Contextual Ethics, or Ethical Relativism

Oct 21

Ethics in business is a game, not unlike poker, argues Albert Carr in a 1968 paper entitled “Is Business Bluffing Ethical?”. Throughout his paper he argues that there is an ethical divide between personal ethics and business ethics, and that what may be unacceptable in personal matters, is not only acceptable in business matters, but expected. About 15 years later,┬áNorman Chase Gillespie published a counterpoint to Carr’s paper entitled “The Business of Ethics”. Gillespie’s position is that there should not be as much license for business matters as Carr proposes, however, he stops far short of arguing for an absolute.

Context drives the turning points in each argument from Carr and Gillespie. One main difference between their arguments is found in the assertion by Gillespie that morals represent an absolute that applies in all contexts, while implying that Carr throws morals out when promoting business ethics as a game. Carr does discuss morals, but not in their impact on business, instead taking the position that in the business context, the dominant guiding principle is law, not morals. What is right in business is determined not by morals or conscience, but by what is lawful. Carr does cede that  in circumstances where non-legislative stakeholders, such as clients, take a deep interest in a matter, that can also sway the business outcome. In this case, the choice is not made based on any right or wrong, but instead based on what is prudent and economically sound.

Relativism enters into Gillespie’s arguments as he introduces the concept of a “moral rule”. When he originally published his paper in 1983, society may have had a narrower view of what moral rules applied to groups of people, so that some of the relativism observed in Gellespie’s arguments may be a reflection of contemporary society and culture. For example, he argues that lying to save a life is acceptable. He also argues that putting the driver of another car at risk is better than threatening oncoming traffic or sacrificing one’s self to preserve the safety of others. These examples are far from absolute and he provides no justification as to why his moral conclusions ought to be shared by others, which weakens his arguments.

Dilemma is common between both papers and provides the desired thrust for their arguments. Each choose several scenarios in which someone must choose between two or more undesirable outcomes. In this moment of pressure a natural window opens, showing a man’s true character. Ultimately, both authors are making arguments and judgments about men’s character. The difficulty about dilemma is that it requires so much background and may have many subtexts. As ethics is the moral consideration of behavior, and there has been no effort by either author to establish a compelling moral agreement beforehand, it’s difficult to adequately judge whether or not the character’s they present appropriately addressed the dilemma presented to them.

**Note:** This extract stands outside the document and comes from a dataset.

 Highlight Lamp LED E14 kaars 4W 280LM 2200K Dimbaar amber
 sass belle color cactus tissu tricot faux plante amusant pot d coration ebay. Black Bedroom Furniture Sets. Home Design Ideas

While not addressed directly, each paper touches on the potential conflicts between public good and personal conscience. From a business perspective there are different cultural ideas about who represent stakeholders. Does a business have an obligation beyond it’s shareholders? Does that ethical obligation extend to the community, or the state or the country or even beyond? The scope of the perceived ethical obligation will inform the morals that should factor into any decision. It then remains to find a balance in the circumstances when there is a gap between the perceived public good and personal conscience.